(Data excerpt begins)
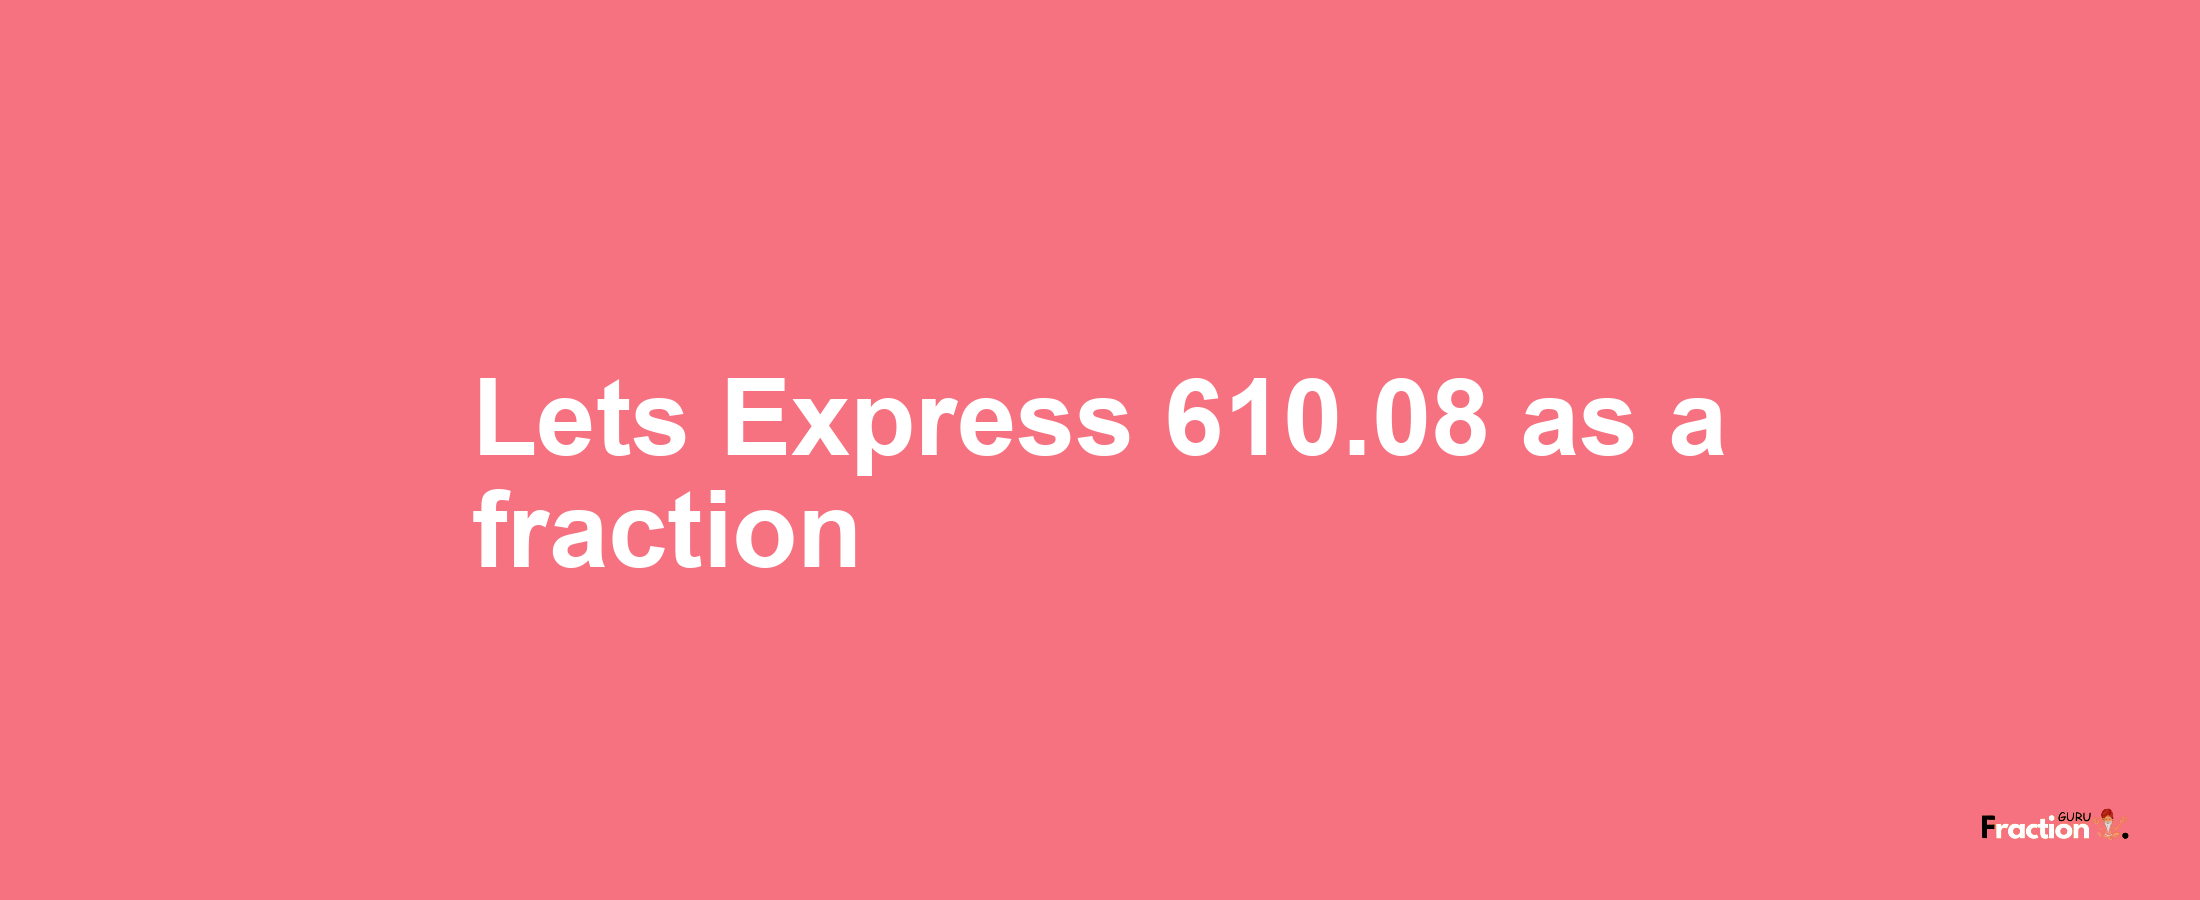 Lets Express 610.08 as afraction
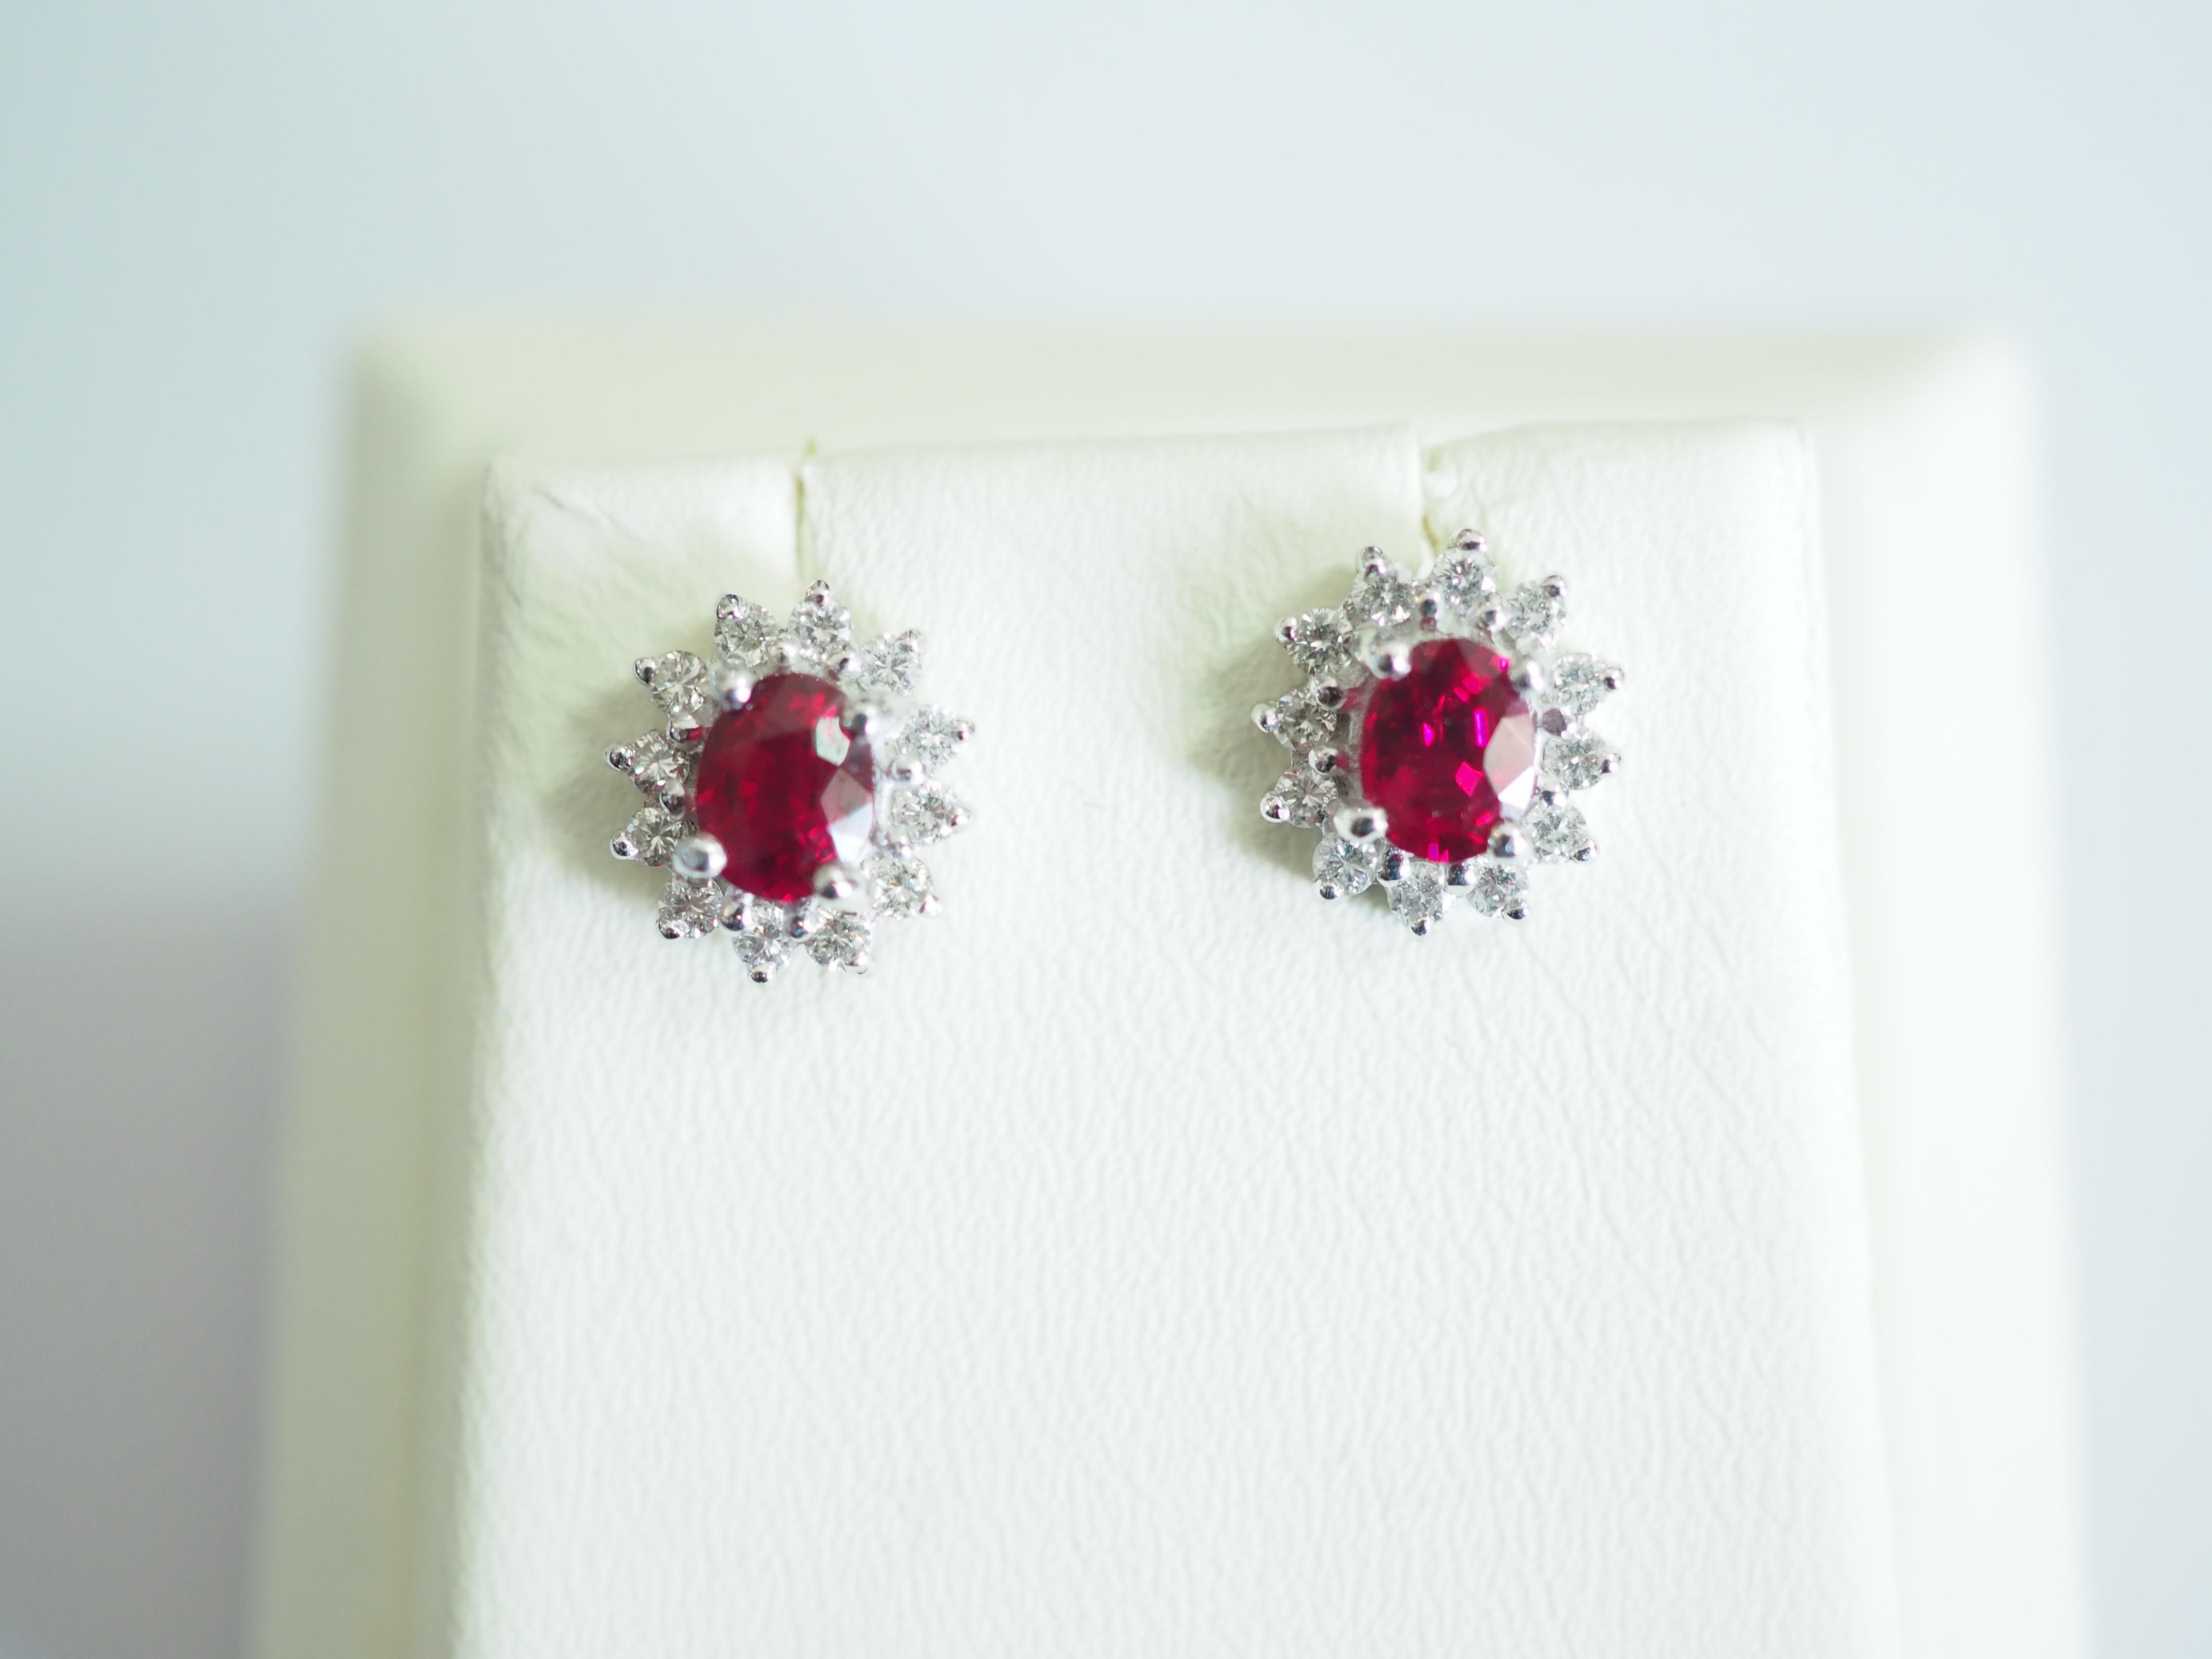 Presented here is a fine gorgeous ruby and diamond cocktail stud earrings. The oval rubies have the color of pigeon's blood which very rare and most sought-after color for rubies. The diamonds are genuine with good color and clarity, very clean. The
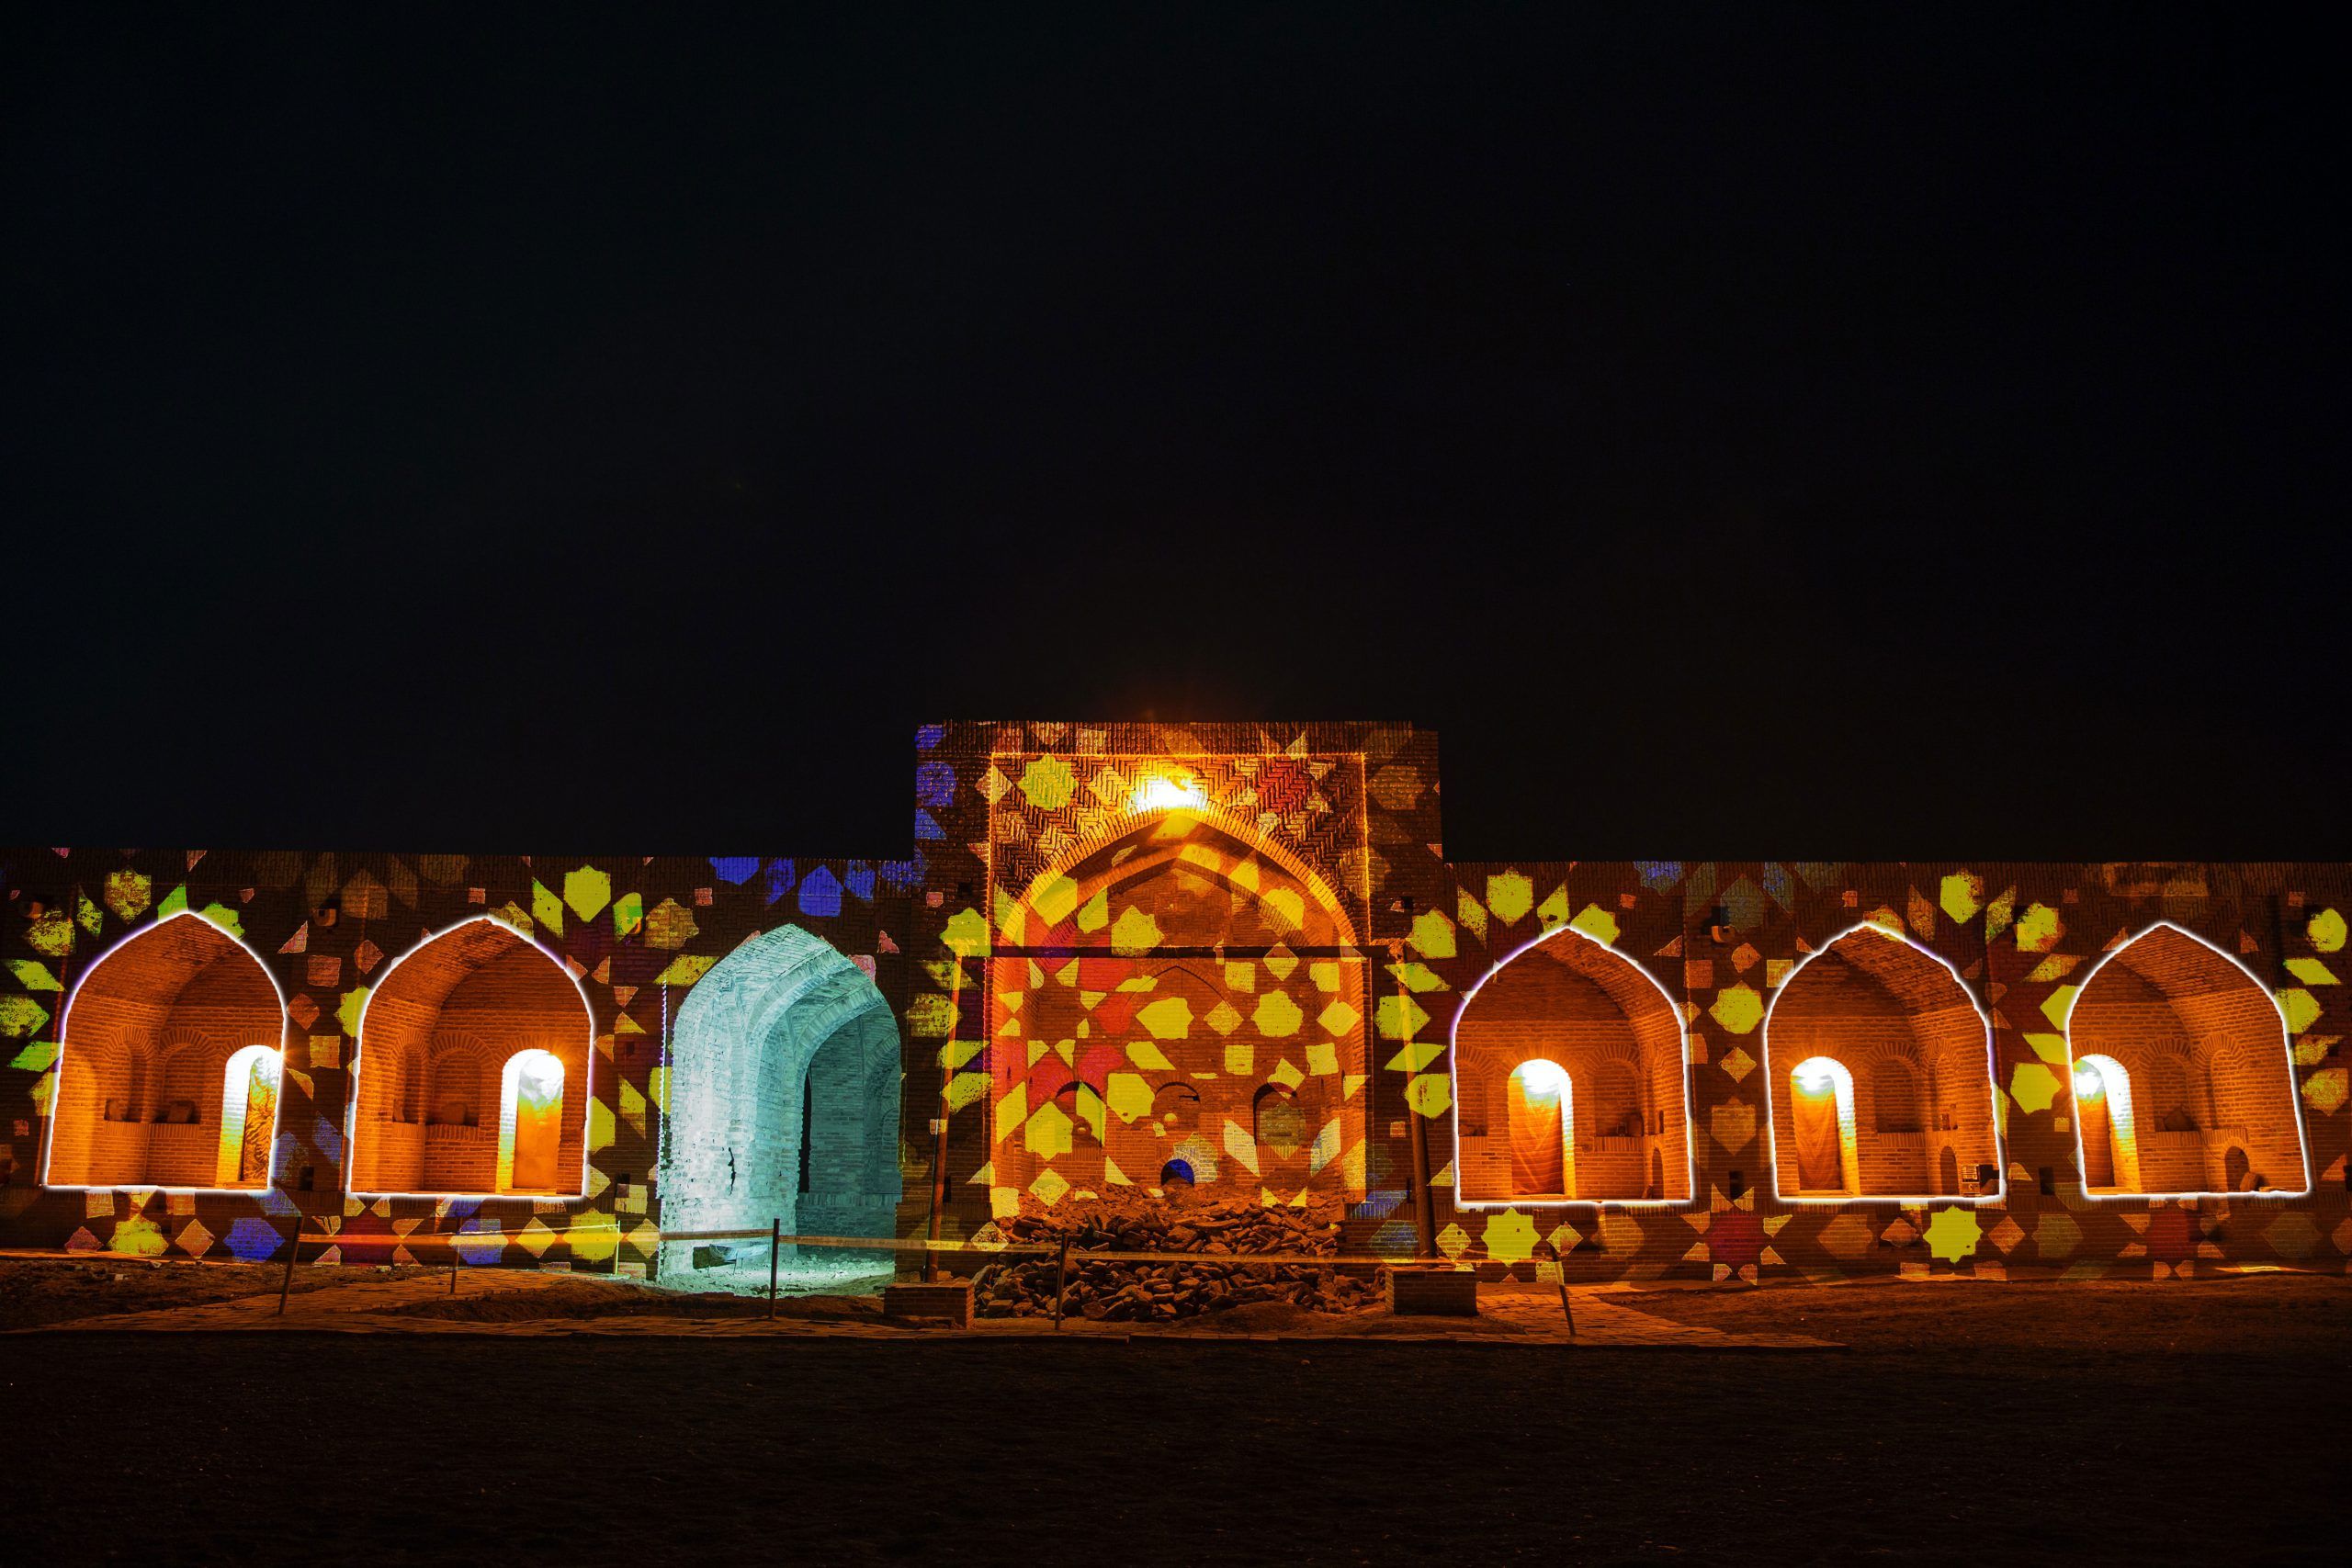 Europe Évènement - Photo of a caravanserai with projection of mosaic shapes on it and tracing of the outlines of the openings
(Data excerpt ends)
# Brief
Make an exact copy of all the material, but keep the pictures out of it.

# Response to this task
 Lets Express 610.08 as afraction
 Presented here is a fine gorgeous ruby and diamond cocktail stud earrings. The oval rubies have the color of pigeon's blood which very rare and most sought-after color for rubies. The diamonds are genuine with good color and clarity, very clean. The
 Europe Évènement - Photo of a caravanserai with projection of mosaic shapes on it and tracing of the outlines of the openings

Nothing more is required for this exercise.